Don't skip this checkbox
That checkbox is the
openconnect.exethis app drives. If you leave it unticked, only the graphical client is installed,openconnect.exeis missing, and later the app's prerequisites check will keep saying “openconnect.exe not found”. (You install it; you never open it.) -
Leave the install folder at the default
C:\Program Files\OpenConnect-GUI\and click Install.Why the default folder matters
The app auto-detects
openconnect.exein that standard location. A custom folder still works, but you'd have to point the app at it by hand later. -
Wait for it to finish, then click Finish. You never open OpenConnect-GUI yourself —
automatic-vpnlaunches the engine for you.
Step 2 — Download the app¶
- Open the latest release.
- Under “Assets” (scroll down a little if needed), click
automatic-vpn.exeto download it. - Double-click
automatic-vpn.exeto run it. -
Windows SmartScreen shows “Windows protected your PC”. Click “More info”, then the “Run anyway” button that appears.
Why the warning?
The
.exeis unsigned (a free community tool — code signing costs money). The source is public on GitHub; nothing is hidden. -
The app window opens.
Step 3 — First run: the guided setup¶
Because nothing is configured yet, the app opens straight into the setup form. Fill it top to bottom:
- Email — your university email. This is your SSO username for the login.
- Server — pre-filled with
univpn.uni-graz.at. Leave it unless you're connecting to a different gateway. -
Password — your login password.
Where your password goes
Into the Windows Credential Manager (the OS keyring) — never into a config file or a log. That's why you type it once here.
-
TOTP seed (2-factor) — three ways, pick one:
- type the base32 seed string, or
- click “Load QR-code image…” and select a screenshot/photo of your authenticator's QR code, or
- click “Paste URL / JSON…” to paste an
otpauth://link or a Google Authenticator export.
Not sure where to get it? Click “How do I get the seed?” for a walkthrough (also in Two-factor setup). Why: this lets the app generate your 6-digit code itself, so you never type a 2FA code again.
-
Install the login helper. If the app flags openconnect-sso as missing, click “Install now”. It installs it quietly with uv (and uv itself first if needed) — no admin prompt, no Python knowledge. Wait for it to report done.

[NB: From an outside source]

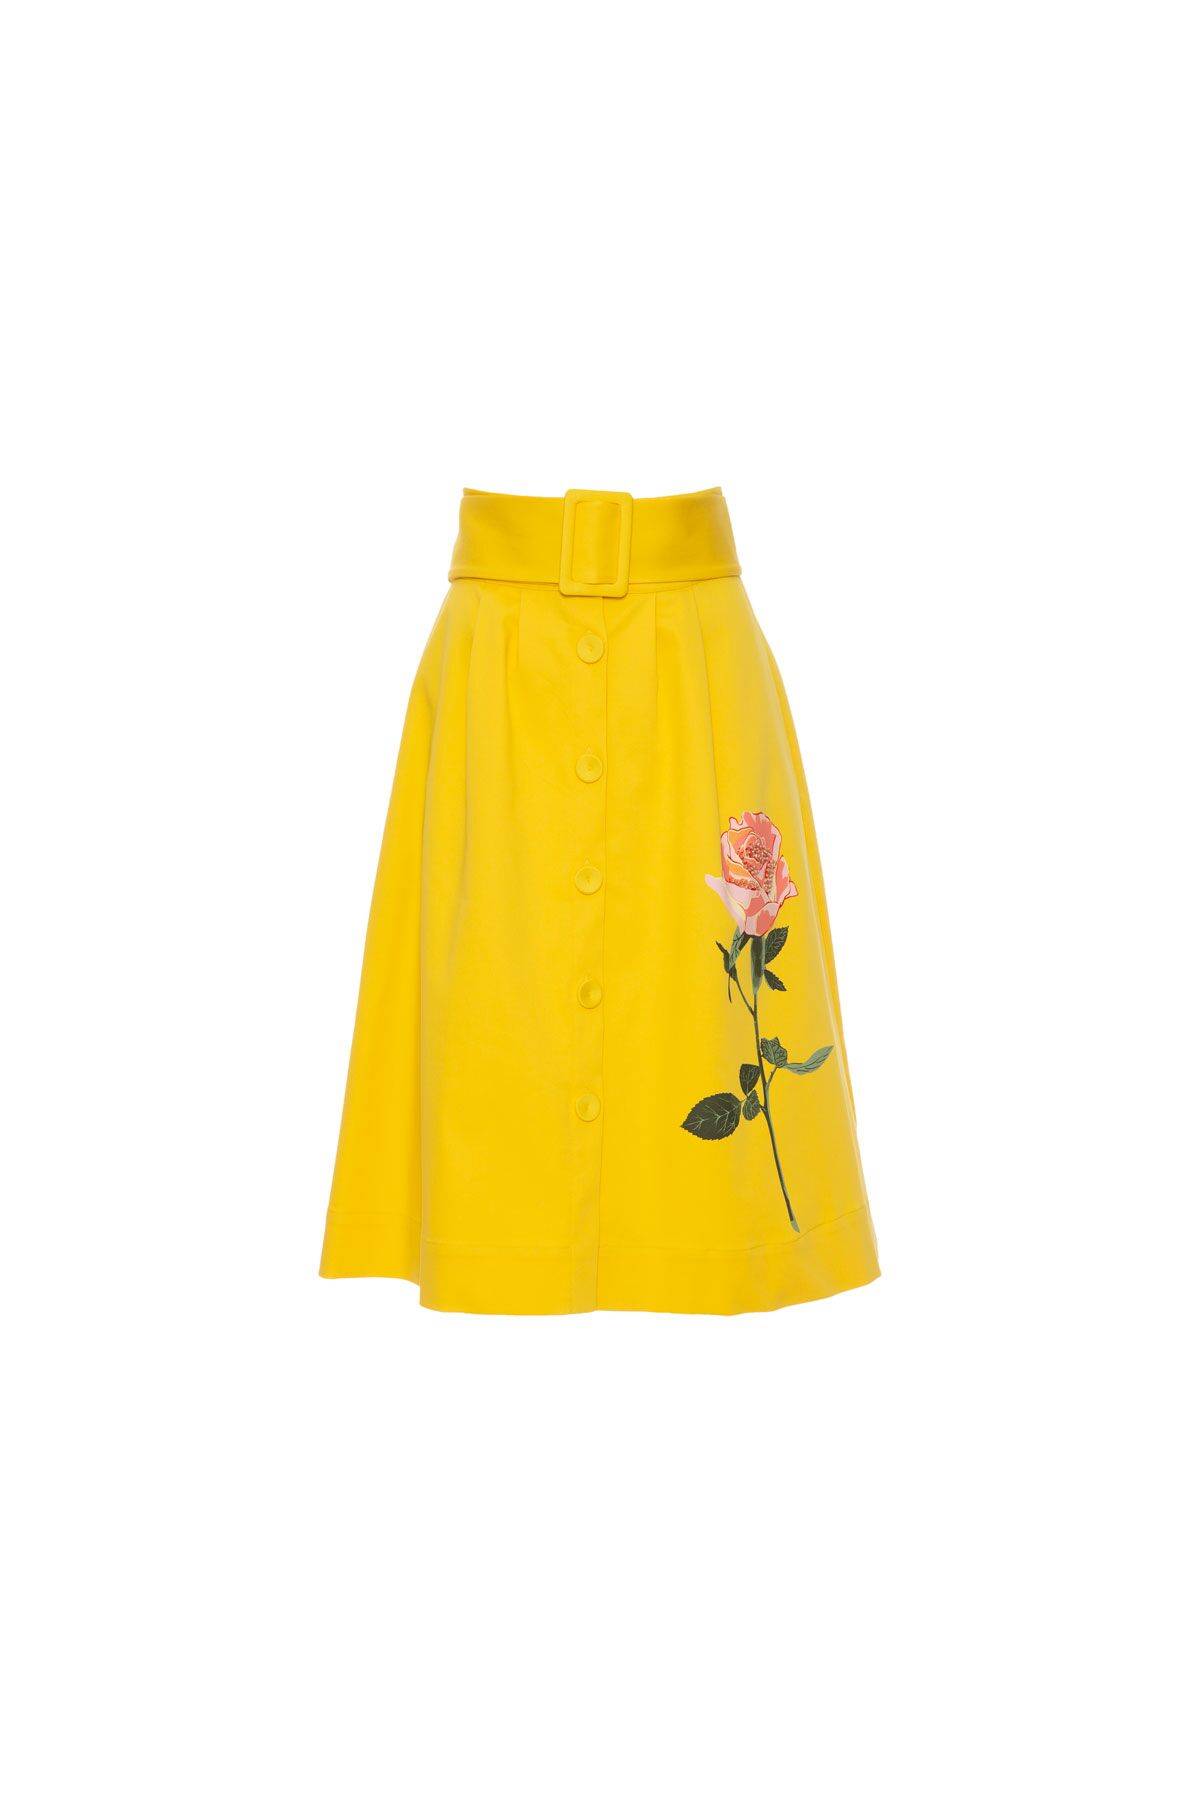 GIZIA - Tropical Patterned Yellow Flared Skirt

- openconnect.exe from Step 1 is detected automatically. If for some reason
it isn't, click “Locate openconnect.exe…” and browse to
C:\Program Files\OpenConnect-GUI\openconnect.exe. -
Click “Set up (one-time admin prompt)”. A UAC prompt appears — click Yes.

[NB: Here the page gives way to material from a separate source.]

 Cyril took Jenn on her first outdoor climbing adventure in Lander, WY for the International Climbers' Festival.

What that one admin prompt does
The tunnel adapter (Wintun) needs Administrator rights. Rather than ask every time, the app registers a Scheduled Task once under this single UAC prompt. From now on Connect needs no admin prompt and opens no console window. You approve admin exactly once — right here.
-
You'll see “Done”. The window switches to the main control screen.
Step 4 — Connect¶
-
Click “Connect”. The status moves through “Signing in …” → green “Connected”. A login browser may flash up briefly — it fills itself in from your keyring and closes on its own.
If it takes a moment
A slow login browser can make it sit on “Signing in …” for a bit — that's normal. The app waits for the real result; it won't falsely say “failed”.
-
Open
webmail.uni-graz.at(or any internal page) to confirm you're going through the tunnel. - Click “Disconnect” when you're done.
After setup — useful buttons¶
- “Configuration…” — reopen the setup form to change email/server/password/2FA (then “Save changes”).

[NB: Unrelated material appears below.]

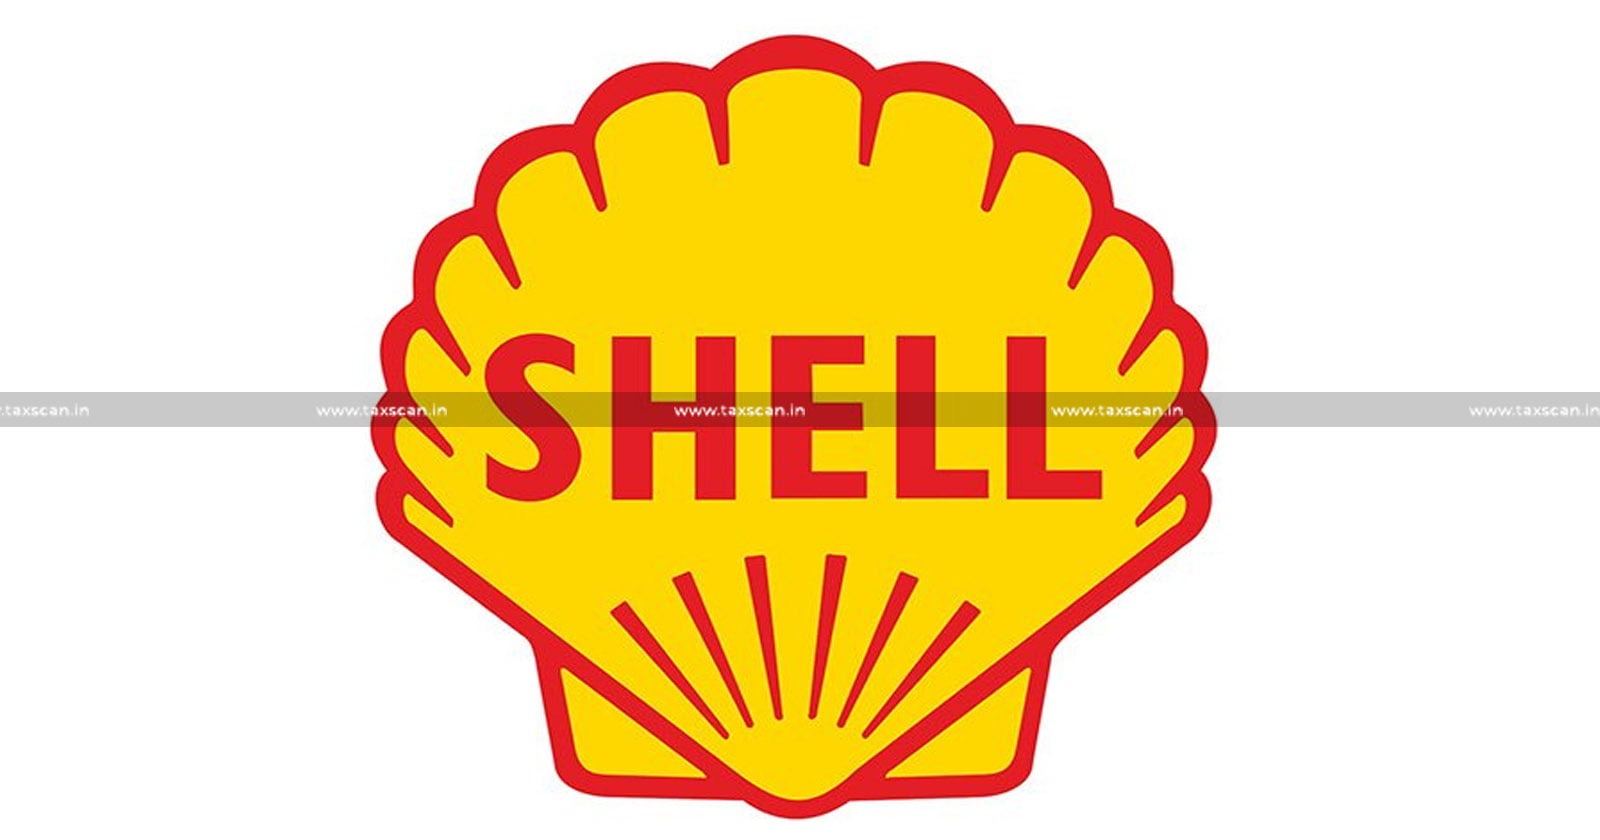 ca careers in shell - ca vacancy in shell - ca job opportunities in shell - ca jobs in shell - shell hiring - shell careers - taxscan

- “Check prerequisites” — re-runs the engine/login checks and offers fix buttons (the same “Install now” / “Locate openconnect.exe…” helpers).
- “Show log” — the connect log, for troubleshooting / “Report a bug”.
Autostart at login
Settings → Start & tray → Autostart registers the app under the
HKCU…\Run key, so it launches into the tray every time you log in.
Type your 2FA code anywhere
With a TOTP seed stored, Ctrl+Alt+P types your current 6-digit code into
whatever field has focus — handy for webmail or any 2FA prompt, not just the
VPN. See the TOTP hotkey. (Windows only.)